Supported groupings are:

* `status` → public Kitaru status (`running`, `waiting`, `completed`, `failed`, `cancelled`)
* `flow` → `flow_id`
* `stack` → `stack_id`
* `tag` → tag value
* `time:hour`, `time:day`, `time:week`, `time:month`
* `metadata:<key>` → the value stored for that execution metadata key

Supported metric sources are:

* `duration`
* `step_count`
* `cached_step_count`
* `output_artifact_count`
* `metadata:<key>` through a metric spec that sets `source="metadata"` and `metadata_key="<key>"`

Supported aggregations are `avg`, `sum`, `min`, and `max`.

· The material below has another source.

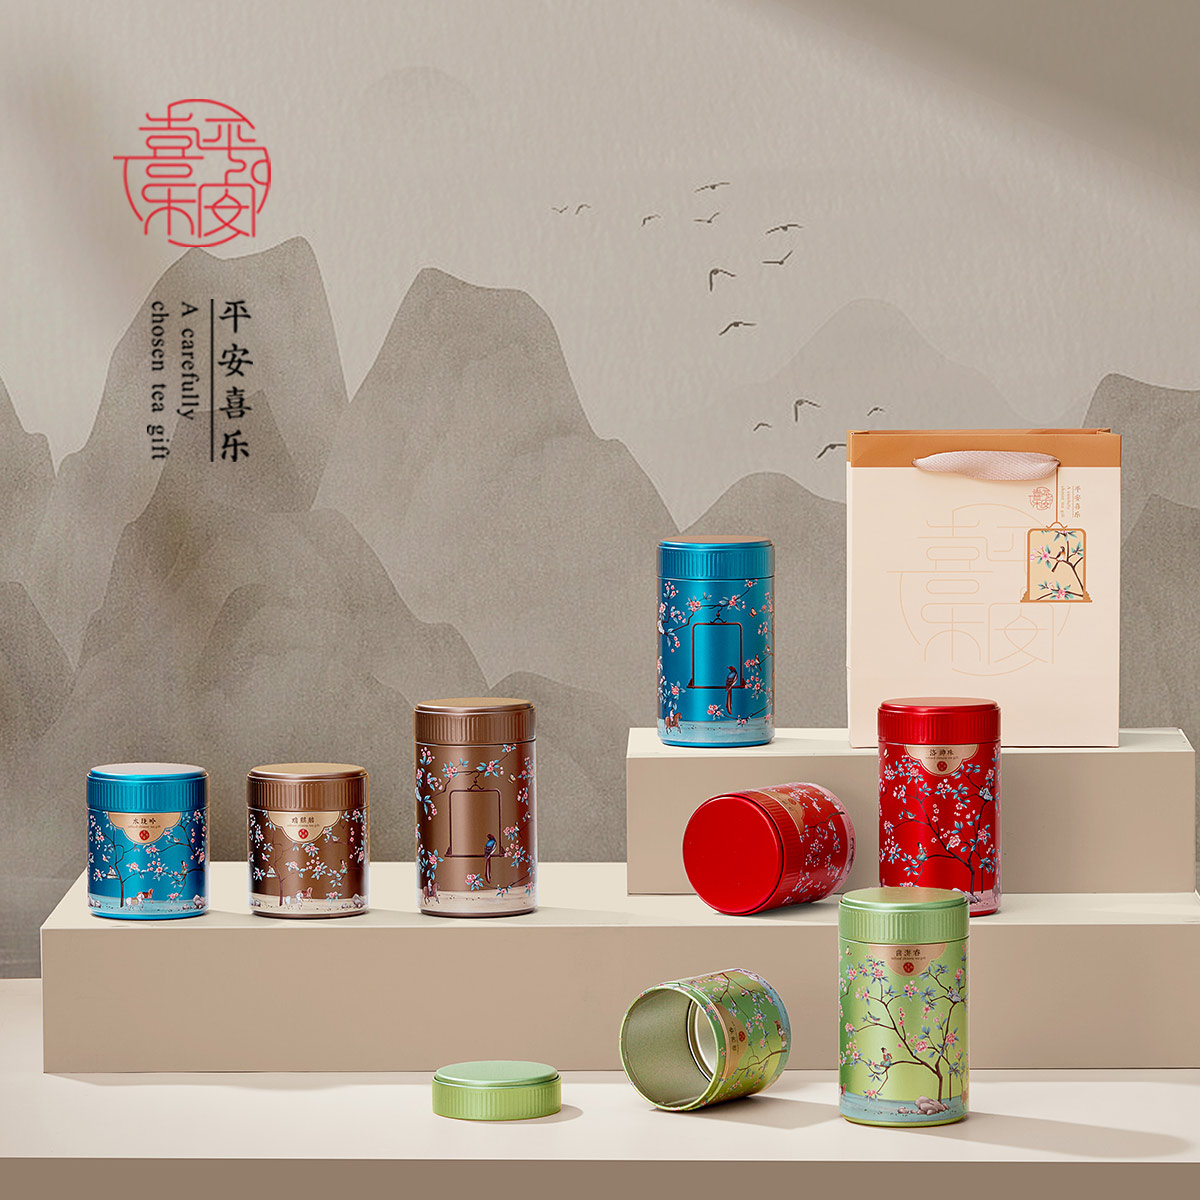 新款创意小号红茶绿茶通用茶叶罐铁罐茶叶包装盒铁盒礼盒空盒定制

CLI metric specs use this format:

* `<name>:<source>:<avg|sum|min|max>` for built-in sources
* `<name>:metadata:<metadata_key>:<avg|sum|min|max>` for metadata

{% hint style="warning" %}
Grouping by `metadata:<key>` includes the matching metadata values in the statistics output. Only use it for metadata keys whose values are safe to show to whoever can read the CLI, SDK, or MCP response.
{% endhint %}

{% hint style="warning" %}
Metadata metrics read numeric execution metadata. If the metadata value is stored as text or as a nested object, the active Kitaru runtime cannot aggregate it as a number. Store the value as an integer or float when you want to use it in statistics.
{% endhint %}

### LLM usage and cost metadata

When an execution makes LLM calls through `kitaru.llm()` or the supported agent adapters, Kitaru records canonical `llm_usage_v1` metadata on the checkpoint that made or reused the provider work. One usage record usually means one provider interaction or one adapter-level graph/agent invocation, depending on which adapter produced it. When `FlowHandle.wait()` or `FlowHandle.get()` observes the execution finishing, Kitaru reads those checkpoint records and writes two execution-level views:

* `llm_usage_summary_v1` is the inspection view. `kitaru executions get` and the Python client parse it into `execution.llm_usage_summary`. It tells you what happened in one execution. Its `usage_record_count`, `incurred_usage_record_count`, and `reused_usage_record_count` fields count Kitaru usage records, not raw provider API calls.
* Flat numeric metadata keys such as `kitaru_llm_display_cost_usd_v1` and `kitaru_llm_total_tokens_v1` are the statistics view. Kitaru execution statistics can sum or average these because they are top-level numbers, not nested objects.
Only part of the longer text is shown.